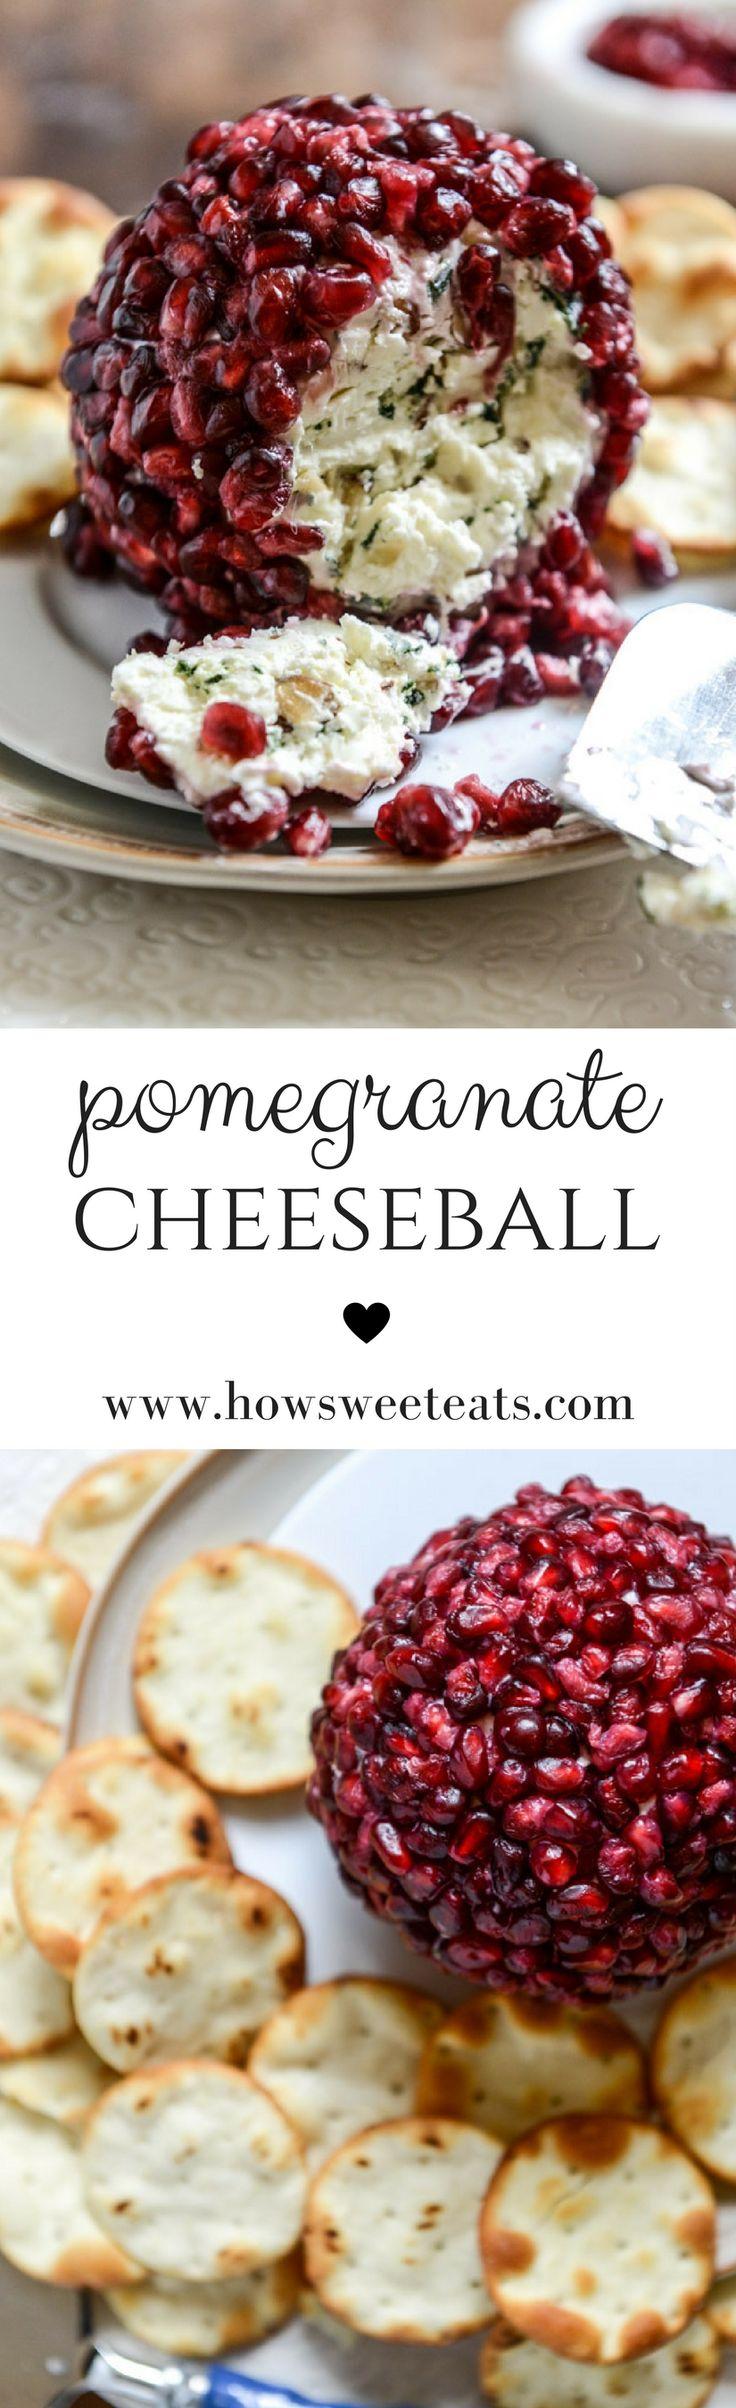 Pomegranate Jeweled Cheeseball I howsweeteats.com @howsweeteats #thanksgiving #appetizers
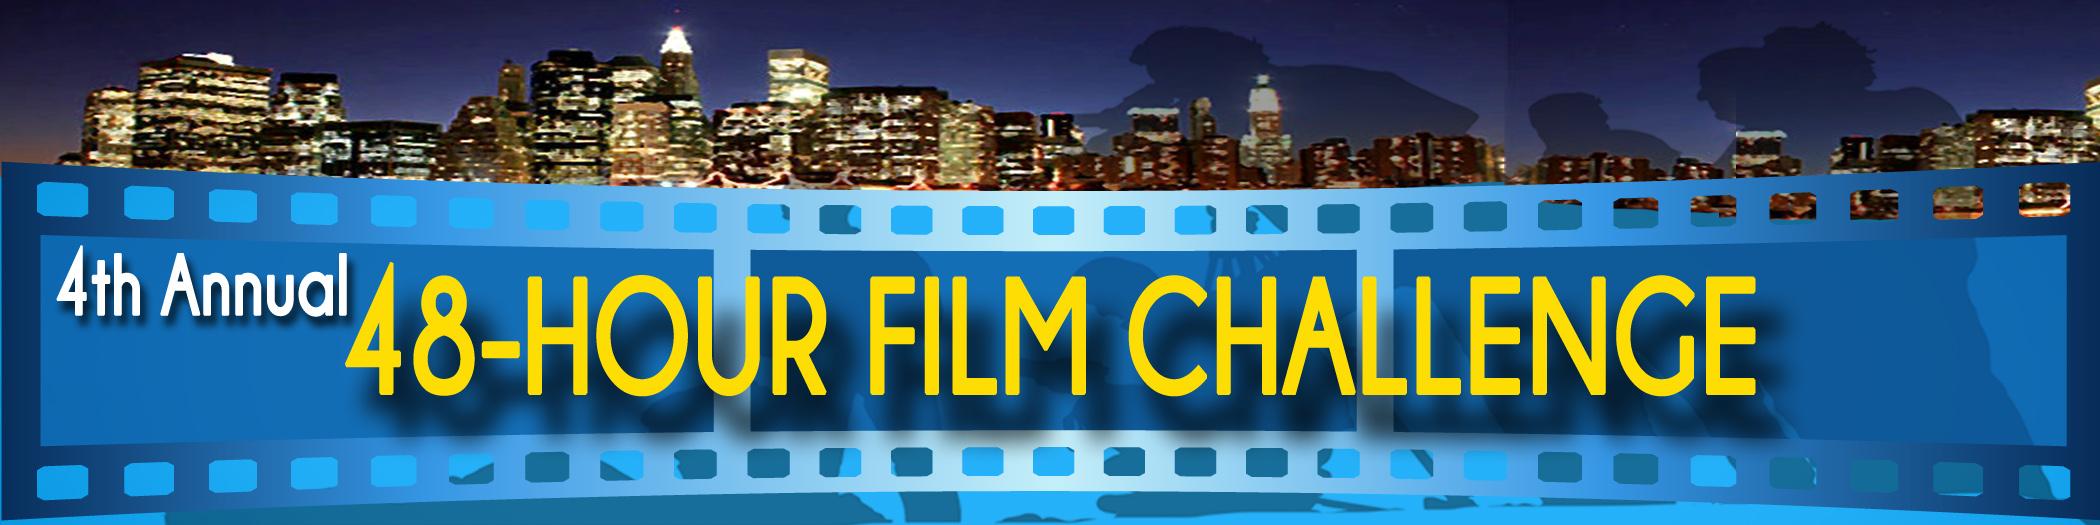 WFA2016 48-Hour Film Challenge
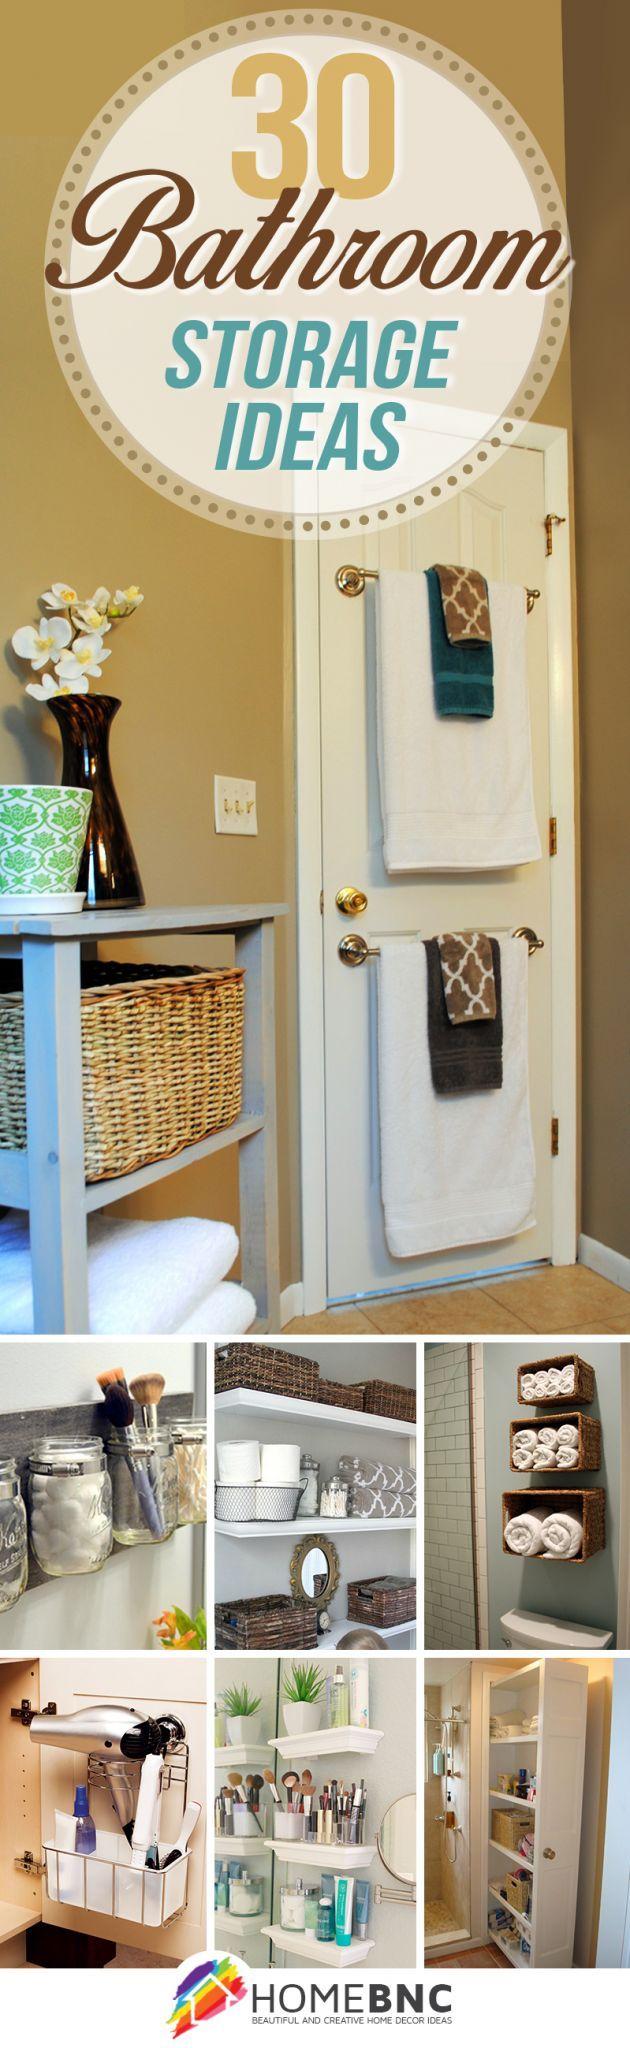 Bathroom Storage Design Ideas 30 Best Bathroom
###
> WORK REQUIRED:
Every line between the one containing "WFA2016 48-Hour Film Challenge" and the last line of the data above, both included, should be copied exactly, but not the pictures.

> WRITTEN REPLY:
 WFA2016 48-Hour Film Challenge
 Bathroom Storage Design Ideas 30 Best Bathroom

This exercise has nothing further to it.